Exercise aim: Write the listing below out again in full, dropping its pictures.

Recorded data:
=====

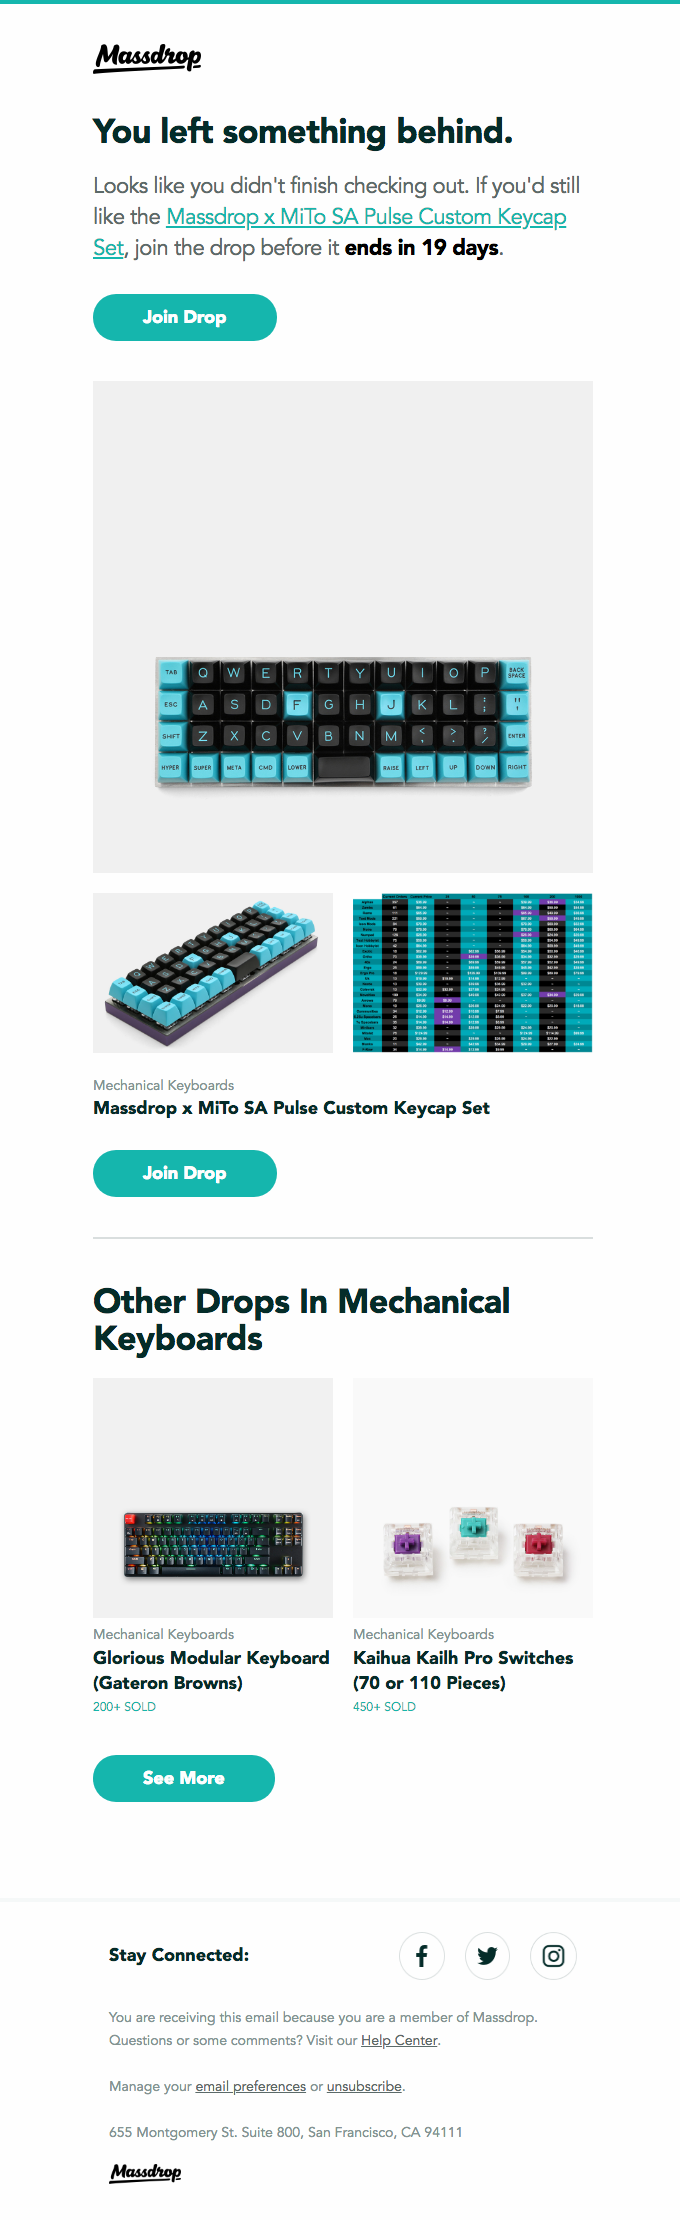 Smiles Davis, still interested in the Massdrop x MiTo SA Pulse Custom Keycap Set?
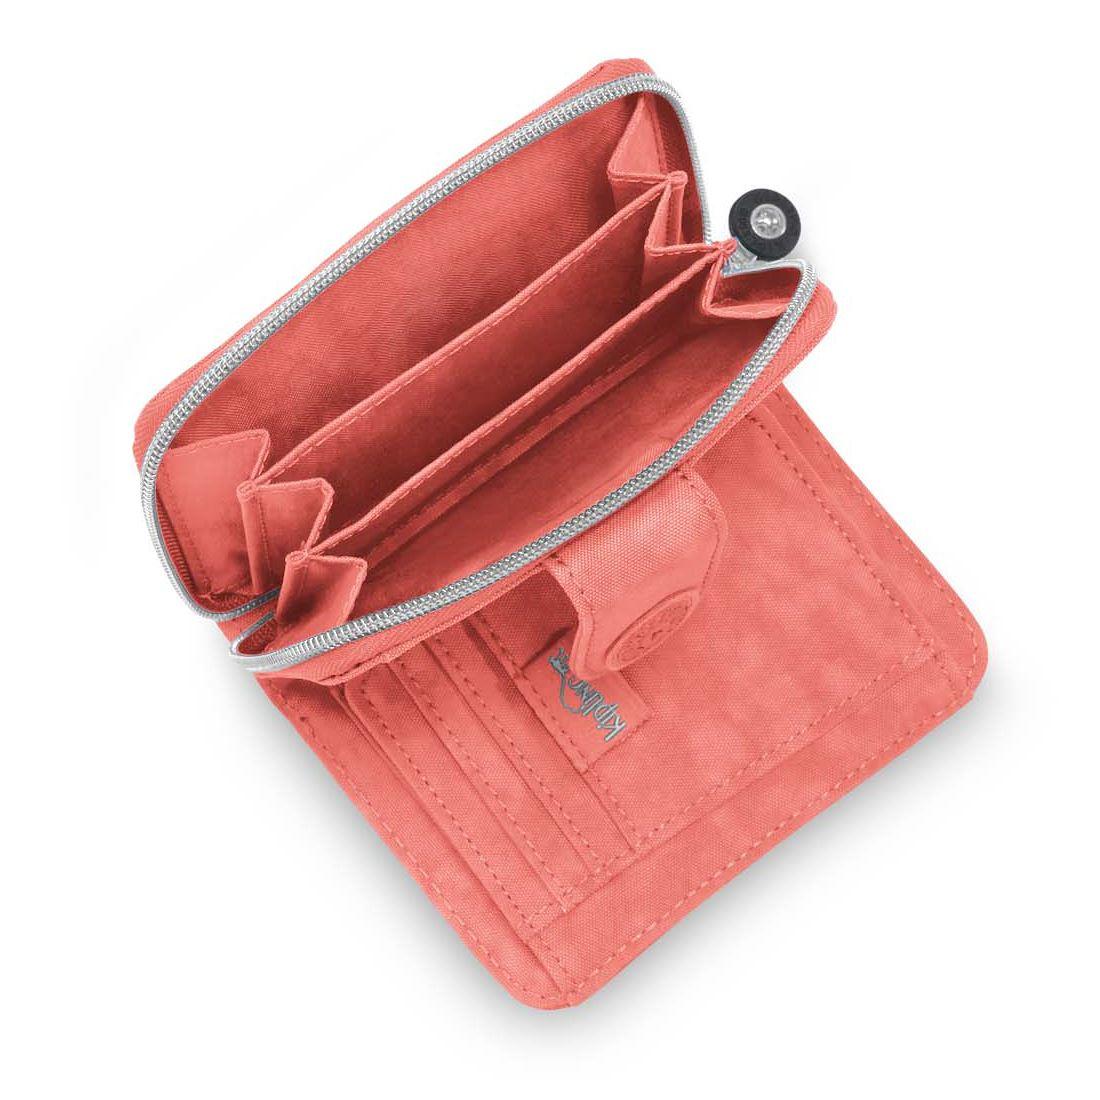 kipling new money medium ladies womens wallet purse
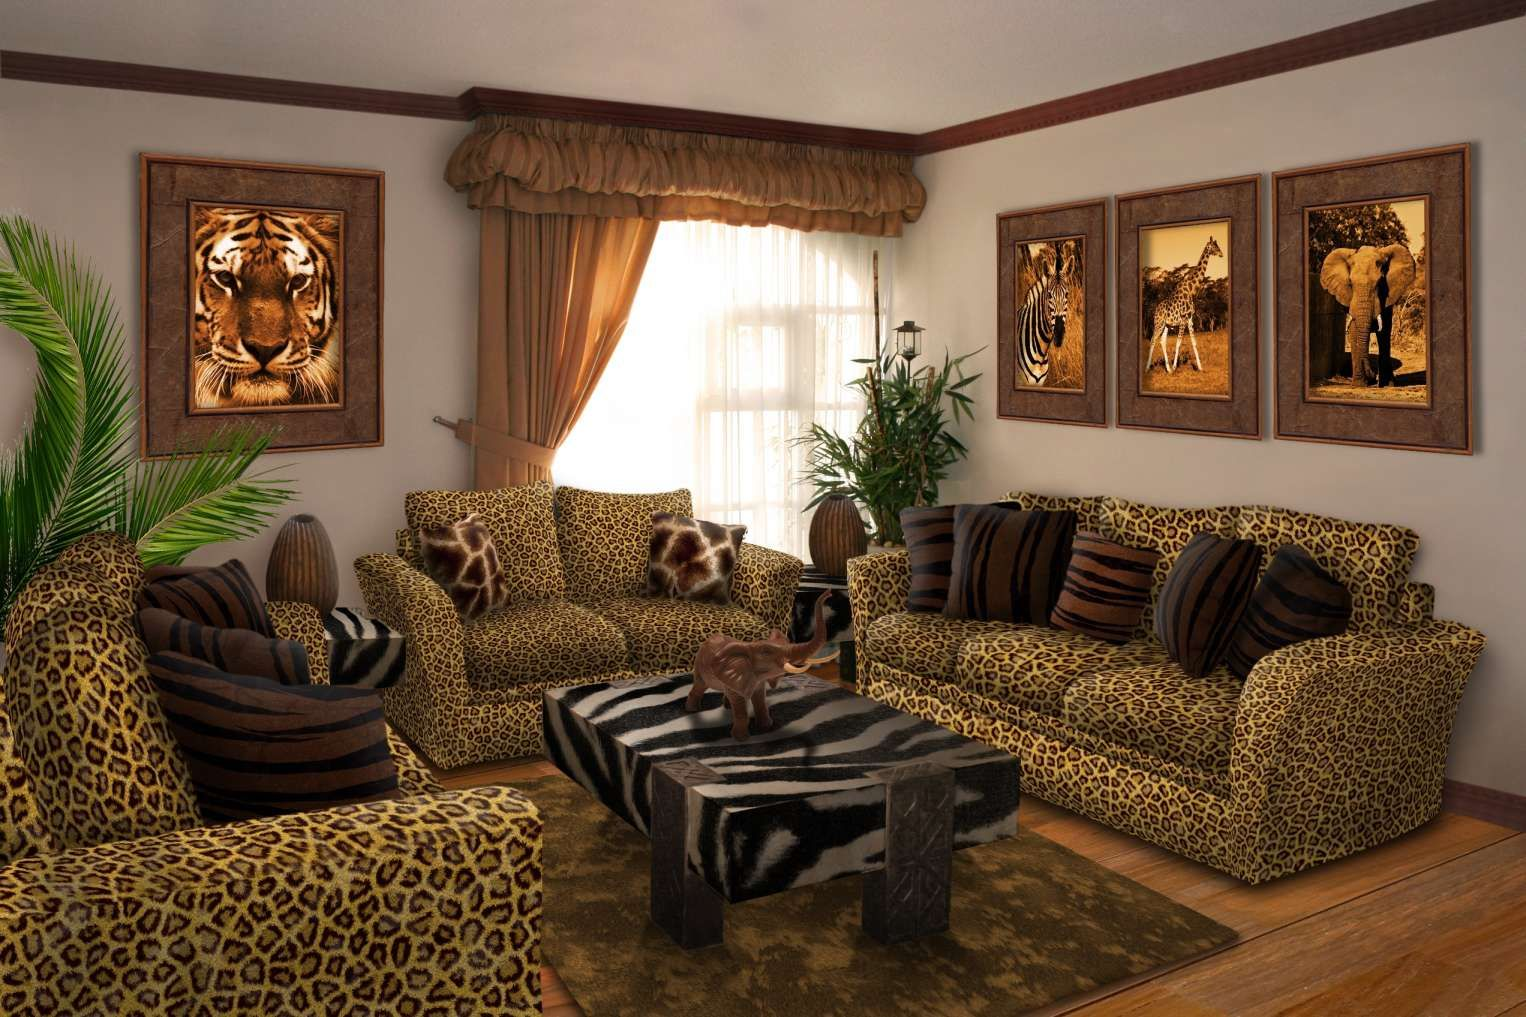 15 Excellent Animal Print Living Room Set Collection Living Room Alexstewartperu Com Safari Living Rooms African Living Rooms African Themed Living Room
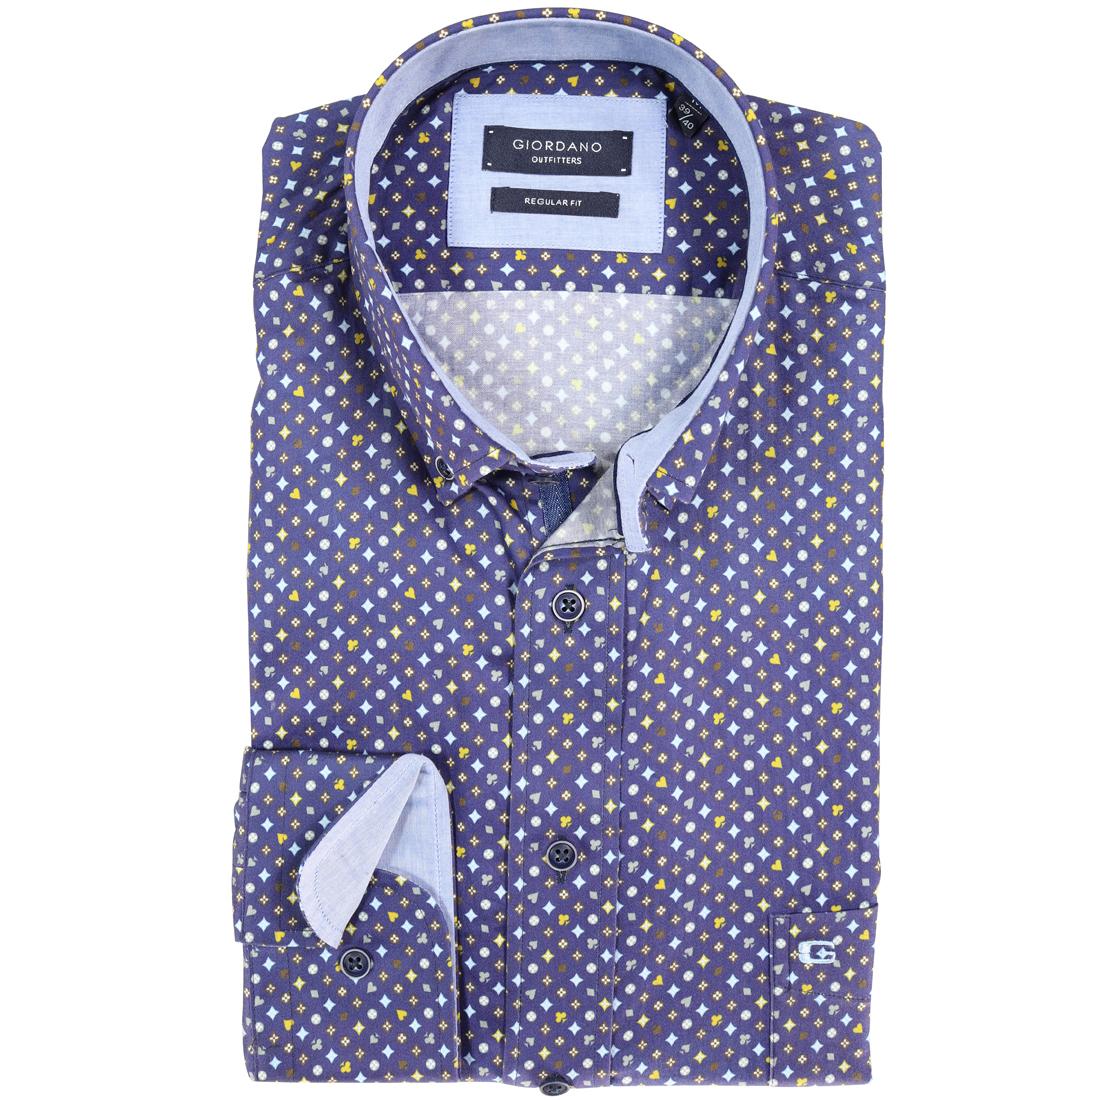 Giordano overhemd Regular Fit 827025 in het Blauw

=====

Result:
 Smiles Davis, still interested in the Massdrop x MiTo SA Pulse Custom Keycap Set?
 kipling new money medium ladies womens wallet purse
 15 Excellent Animal Print Living Room Set Collection Living Room Alexstewartperu Com Safari Living Rooms African Living Rooms African Themed Living Room
 Giordano overhemd Regular Fit 827025 in het Blauw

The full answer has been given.